In von Neumann poset nets, the existence and properties of the fusion graph depend on the realization of Haag duality or its bounded-spread version. The resulting braided $W^*$ -tensor categories yield fusion graphs with connectivity, symmetry (adjacency matrices are typically symmetric), and Perron–Frobenius properties (Bhardwaj et al., 2024).

7. Summary Table: Examples of Fusion Graphs

Model/Context	Vertex Set	Fusion Graph Type
$D(G)$ (abelian)	$G\times \hat G$	Cayley graph of group
Double semion	$\mathbb{Z}_2\times \mathbb{Z}_2$	Klein group Cayley graph
$\mathbb{Z}_N$ graph models	$\prod \mathbb{Z}_n$	Cyclic product Cayley graph
Fracton X-cube (QSS)	$\mathbb{Z}_2$ , $\mathbb{Z}_2^2$	Cayley, square
Ising CFT (UMTC)	$\{\mathbf{1},\sigma,\varepsilon\}\| Weighted graph from$ N_{ab}^c$

Each construction follows the general recipe: vertices are sector labels, edges correspond to admissible fusions, and multiplicities give the edge weights or numbers of parallel edges.

The fusion graph of superselection sectors thus serves as a universal combinatorial invariant bridging abstract tensor categorical data and physical properties of quantum systems.
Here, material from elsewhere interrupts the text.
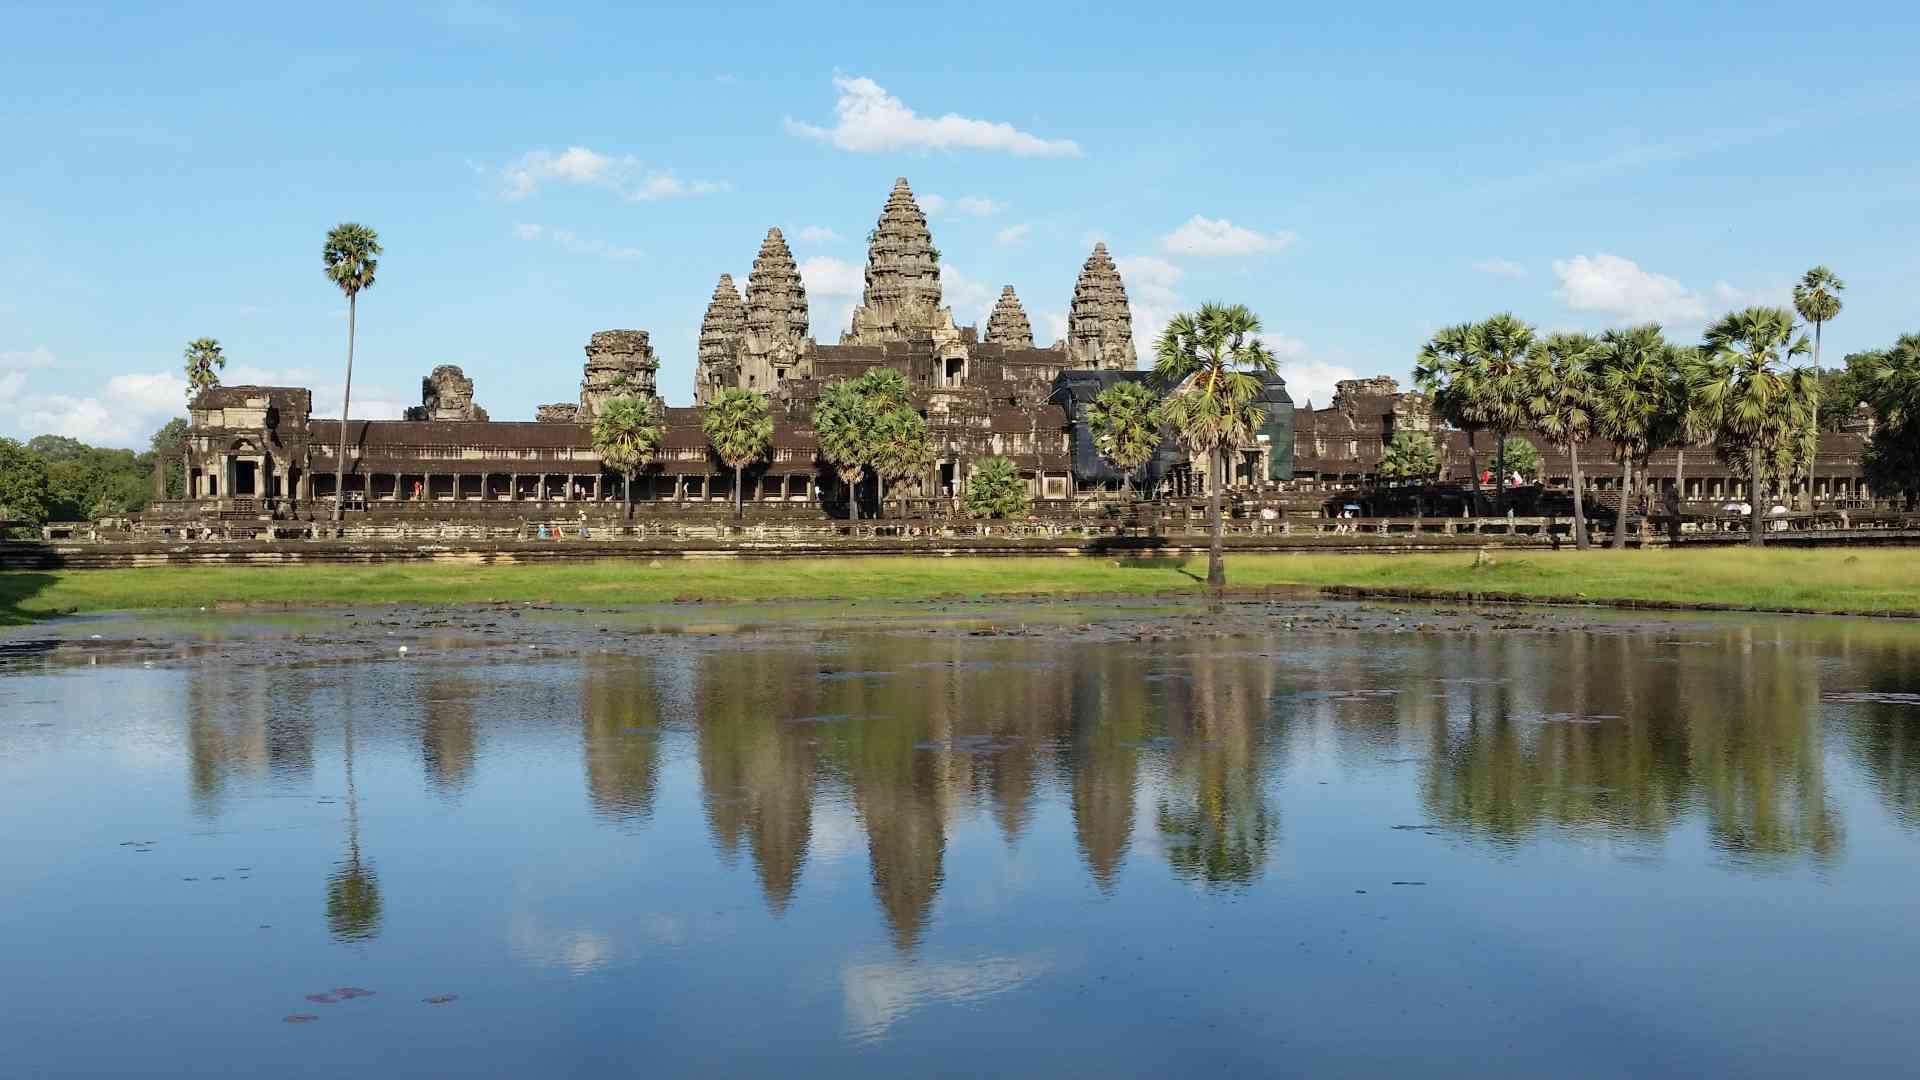 Angkor Wat, Cambodia by Dennis Bunnik

Its construction is robust to details of localization, symmetry, and model, reflecting the deep algebraic underpinnings of emergent excitations and their fusion in both continuum and lattice frameworks (Cha et al., 2018, Bhardwaj et al., 2024, Demulder, 14 Jan 2026, Ebisu et al., 2022, Bols et al., 2023, Shi et al., 2020, Pai et al., 2019, Demulder, 14 Jan 2026).